Publication

Author : Dr Narender Yadav,


Abstract

Over 1.4 million Indian soldiers joined the Indian Army during World War I. They were deployed at various war fronts including France, Mesopotamia, East Africa, Egypt, Palestine, and Gallipoli. Despite their important role, the stories of these soldiers remained almost unstudied until the turn of the century. The fact remained that the Indian soldiers were generally not literate enough to record their experiences. Colonial rulers also kept them as extras on the ‘stage’ of the historical narrative. During the centenary commemoration of the War (2014-2018), some studies about Indian participation have been conducted leading to some good publications. This Paper was also part of one such study. The Paper seeks to study the voices of Indian soldiers recorded during their internment at a POW camp in Germany during World War I. These voices were recorded between 1915 and 1918 by researchers of ‘Royal Prussian Phonographic Commission’ with an aim to study different languages for phonetics, dialects, and linguistics purposes.

Introduction 

Some voice recordings of Indian soldiers interned in Prisoner of War (PoW) camps in Germany, during World War I, are archived at Humboldt University in Berlin. These voices were recorded between 1915 and 1918 by researchers of the ‘Royal Prussian Phonographic Commission’. The objective was to study different languages for phonetics, dialects, and linguistic purposes and teach foreign languages in German universities. Strategically, the production of knowledge on colonial races and languages could help train the German officers to be posted to these colonies to set up a bigger German empire after winning the war. The voices captured in shellac discs have survived for over a century despite Germany being ruined by two world wars. Perhaps, these are the oldest voice recordings of Indian soldiers anywhere in the world. 
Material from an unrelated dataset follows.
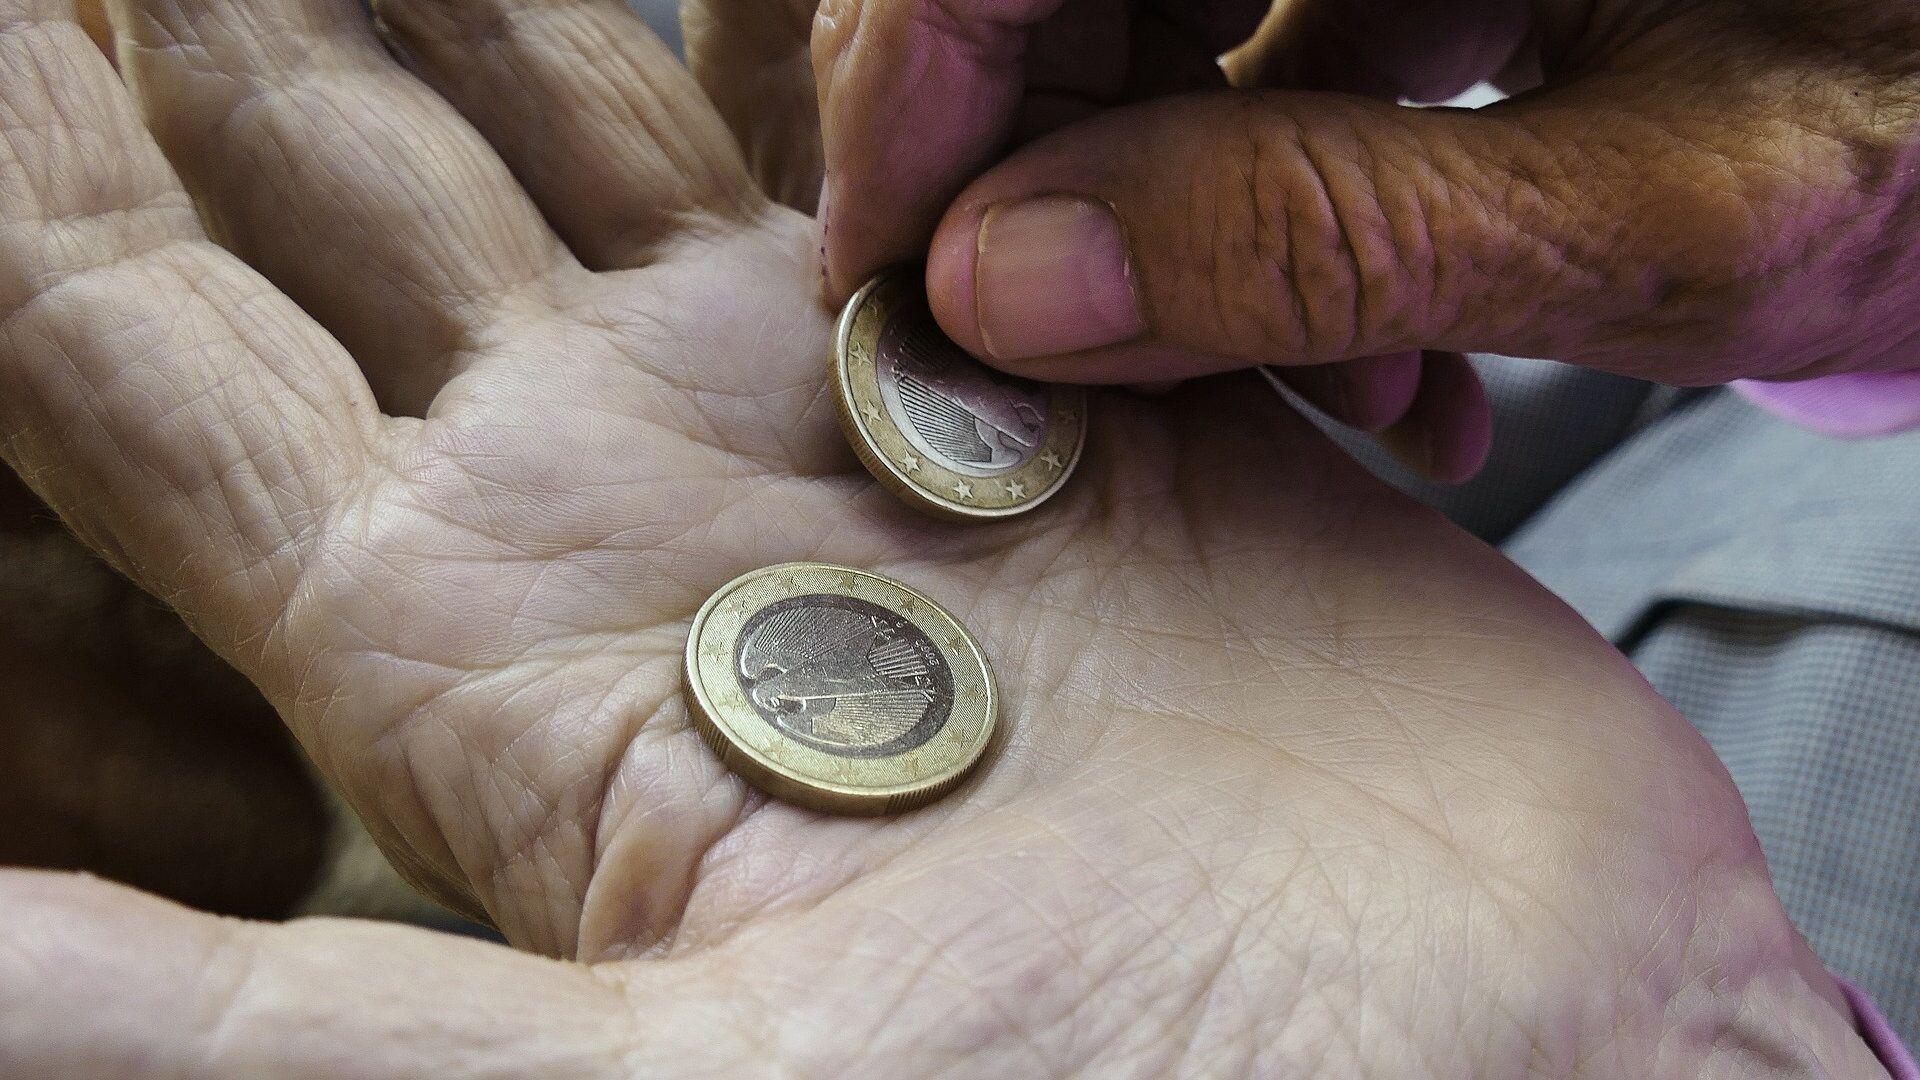 Пенсионеры, деньги - Sputnik Latvija, 1920, 14.10.2021
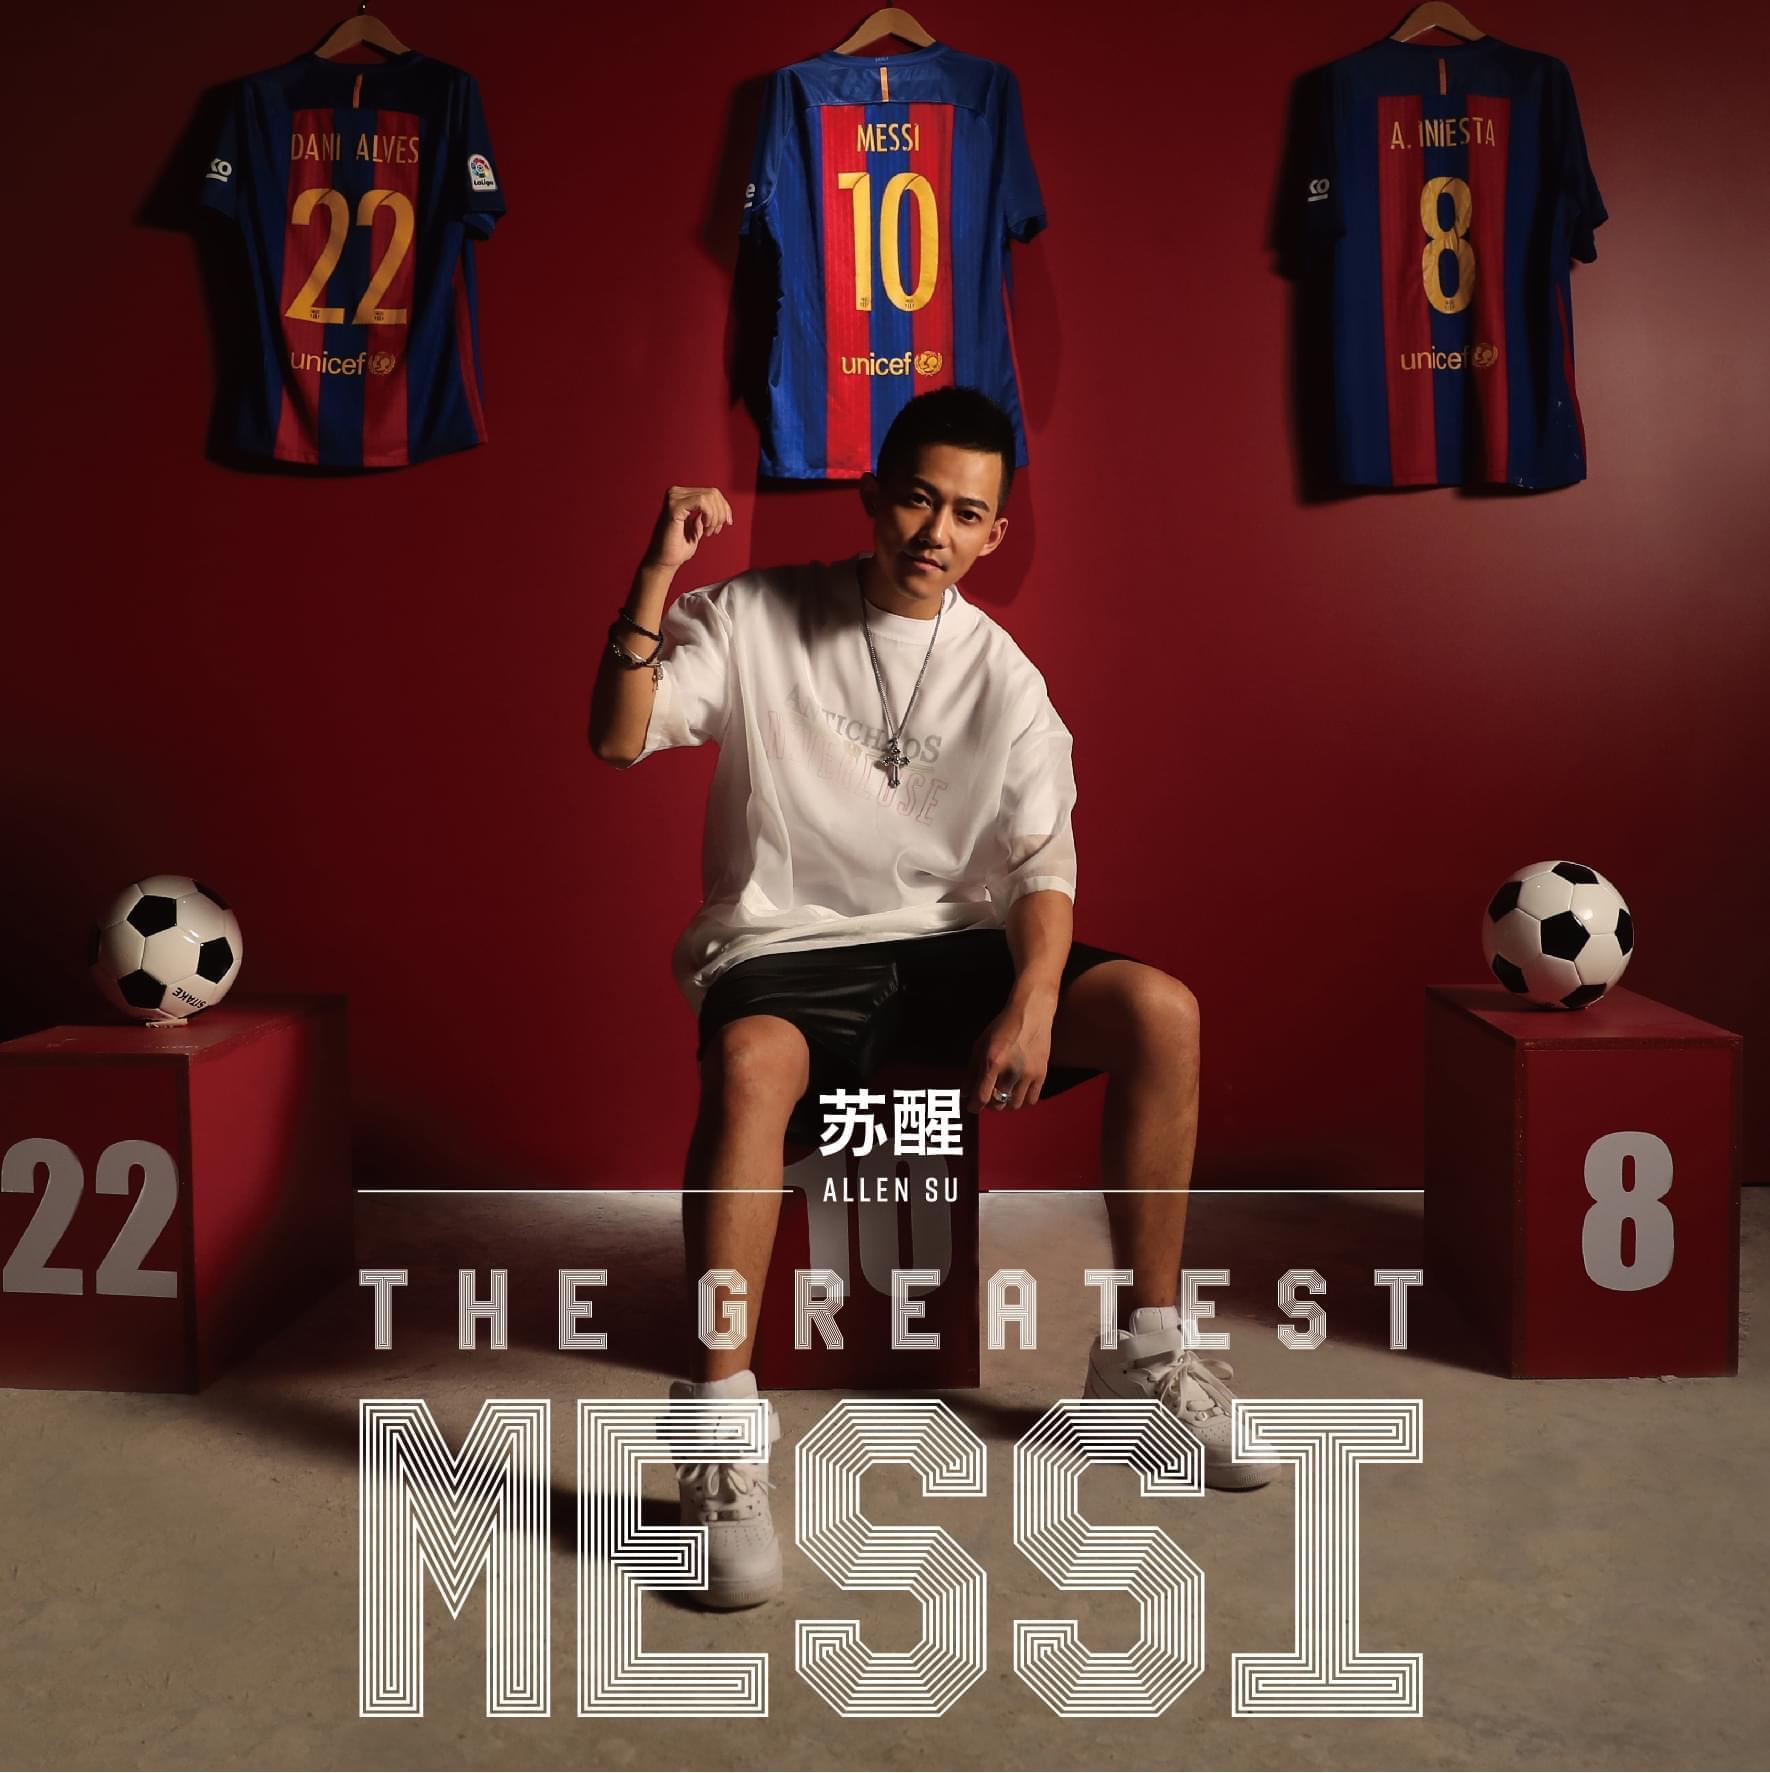 苏醒创作《The Greatest Messi》致敬偶像梅西

        Unfortunately, we were unaware of these voices even after the turn of almost a century. These recordings became known thanks to some German scholars who dug out and brought forth this rare material.1 These voices have acquired a tremendous historical value over the period. Thomas Edison’s invention of phonograph, in 1877, led to capturing of voices in disc which could be heard even after the life of the person. These voice recordings are an unusual source for compilation of history of our soldiers of the Great War. As Franziska Roy and Heike Liebau point out that the colonial soldiers were doubly marginalised, they are forgotten in memory and left out of history.2

        The Indian soldiers, indeed, were not literate enough to leave behind written records. Their history, therefore, remained mostly blurred. Despite their crucial role in this war, they were kept as extras on the ‘stage’ of historical narrative. These voices break the historical silence and register their presence, reminding the historians about Indian participation in the Great War. This article endeavours to revisit the Indian soldiers of World War I by probing some of their voice recordings archived at Germany.  

Who were these Internees?

Who were these internees? The British Indian Army was mobilised and deployed on the western front (France) soon after the declaration of the war in August 1914. They landed at Marseilles, France in October 1914 and fought some fierce battles at Ypres, Festubert, Givenchy, Loos, and Neuve Chappelle during the next one year.3 Over 130,000 Indians were deployed on this front of the war.4 While fighting the Germans here, about 1,000 Indians were taken prisoners and brought to Germany.5 They comprised men mainly from Punjab, United Provinces (present day Uttar Pradesh), and Nepal.6 The Germans had hundreds of POW camps for Entente (Britain, Russia, and France) powers and their dependencies. The South Asians were later segregated,7 and shifted to Wunsdorf camp, near Berlin, along with other colonial POWs for political indoctrination.8 The camp was setup in temporary hutments, surrounded by a barbed-wire fence. Subsequently, the Indians interned here were sent to Romania in 1917.9

        The main purpose of the Halfmoon camp was to turn its internees against their British and French colonial rulers, and recruit them for German and Ottoman forces. Simultaneously, the camp also became the site of extensive anthropological research, carried out upon prisoners interned there including Sikh and Muslim soldiers from India, Gurkhas from Nepal, and African soldiers from French colonies.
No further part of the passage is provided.